A Retrieval-Augmented Generation (RAG) pipeline designed to answer queries using course notes and academic materials.
This project integrates dense retrieval (FAISS) with sparse retrieval (BM25) for hybrid document search, optimized to run locally with Ollama + LLaMA 3.2 embeddings.
- Hybrid retrieval: Combines FAISS (dense embeddings) and BM25 (sparse search).
- Latency optimized: Reduced query response time from 10 minutes → 30 seconds using serialized caching (95% speedup).
- High factual grounding: Achieves 80%+ grounding accuracy by injecting top-ranked retrieved chunks into dynamic prompts.
- Local-first: Runs entirely on your machine with Ollama and Python (no external APIs required).
- Utilities included:
benchmark_retriever.py→ evaluate retrieval performance.visualize_chunks.py→ inspect document splits and chunk relevance.
- Python 3.10+
- LLaMA 3.2 via Ollama
- LangChain
- FAISS + BM25
- PyTorch / TensorFlow (for embeddings)
├── main.py # Entry point for the RAG pipeline
├── rag.py # Core RAG logic (retrieval + generation)

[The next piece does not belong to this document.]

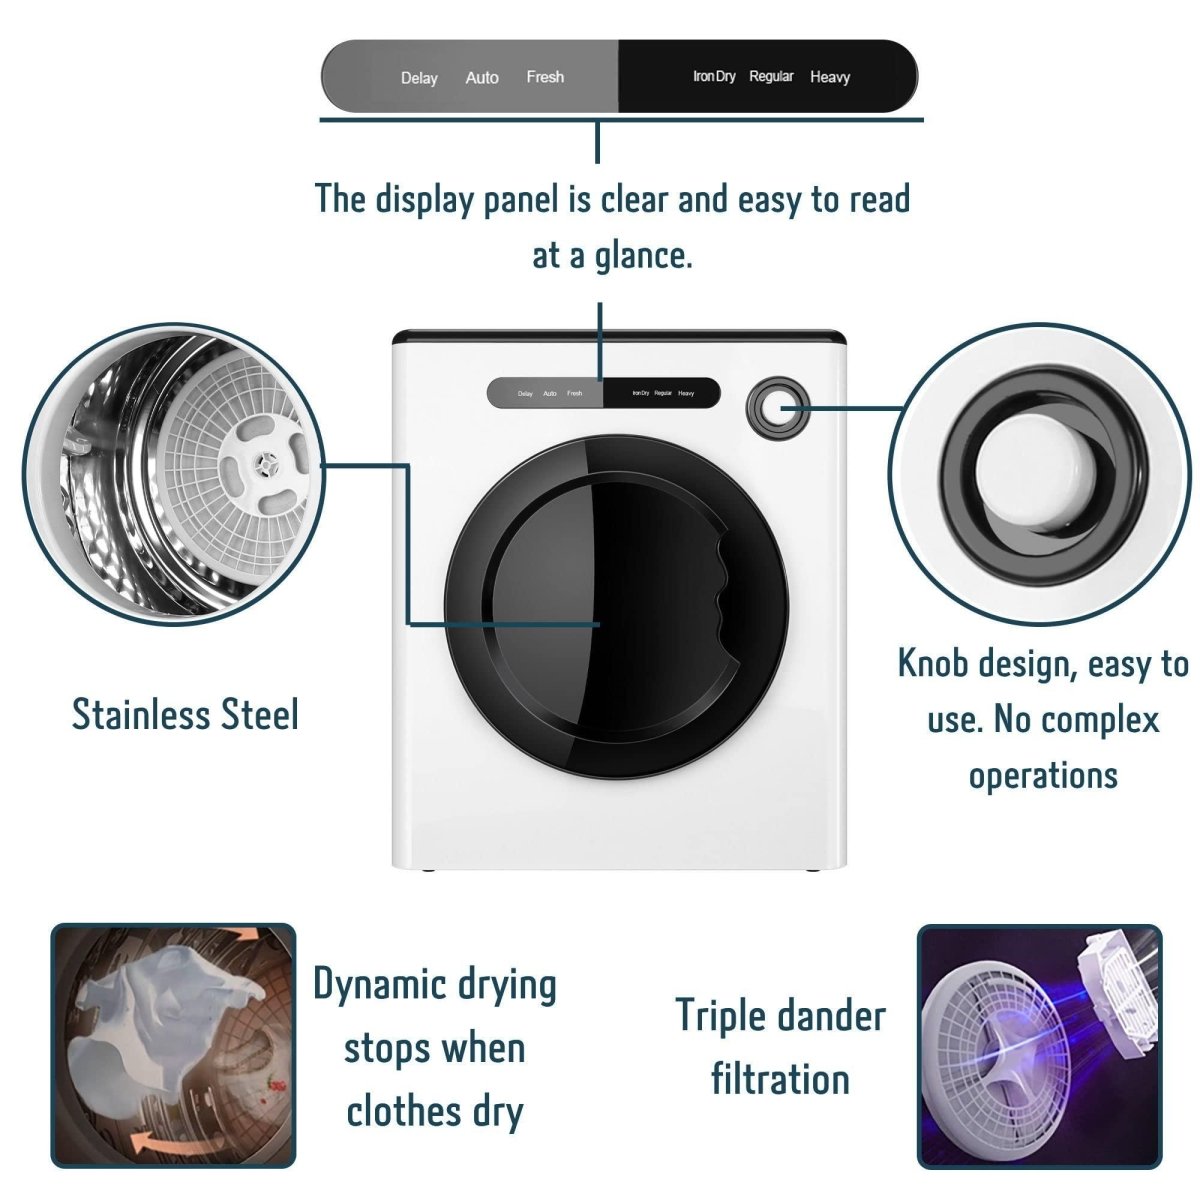 Dessiz 11lb Portable clothes dryer, compact size 1.6cu.ft, Smart Digital Control -White - Dessiz

├── data_prep.py # Preprocess and split documents
├── benchmark_retriever.py # Evaluate retriever performance
├── visualize_chunks.py # Visualize text chunks for debugging
├── requirements.txt # Python dependencies
├── data/ # Source course notes (PDF + processed markdown)
Clone the repository:
git clone https://github.com/yourusername/LLM-RAG.git
cd LLM-RAG
Install dependencies:
pip install -r requirements.txt
Install Ollama and pull the LLaMA 3.2 model:
ollama pull llama3.2
Run the pipeline with:
python main.py
Enter a query (e.g., "Explain A search"*)
The system retrieves relevant course notes, injects them into a dynamic prompt, and generates an answer using LLaMA 3.2.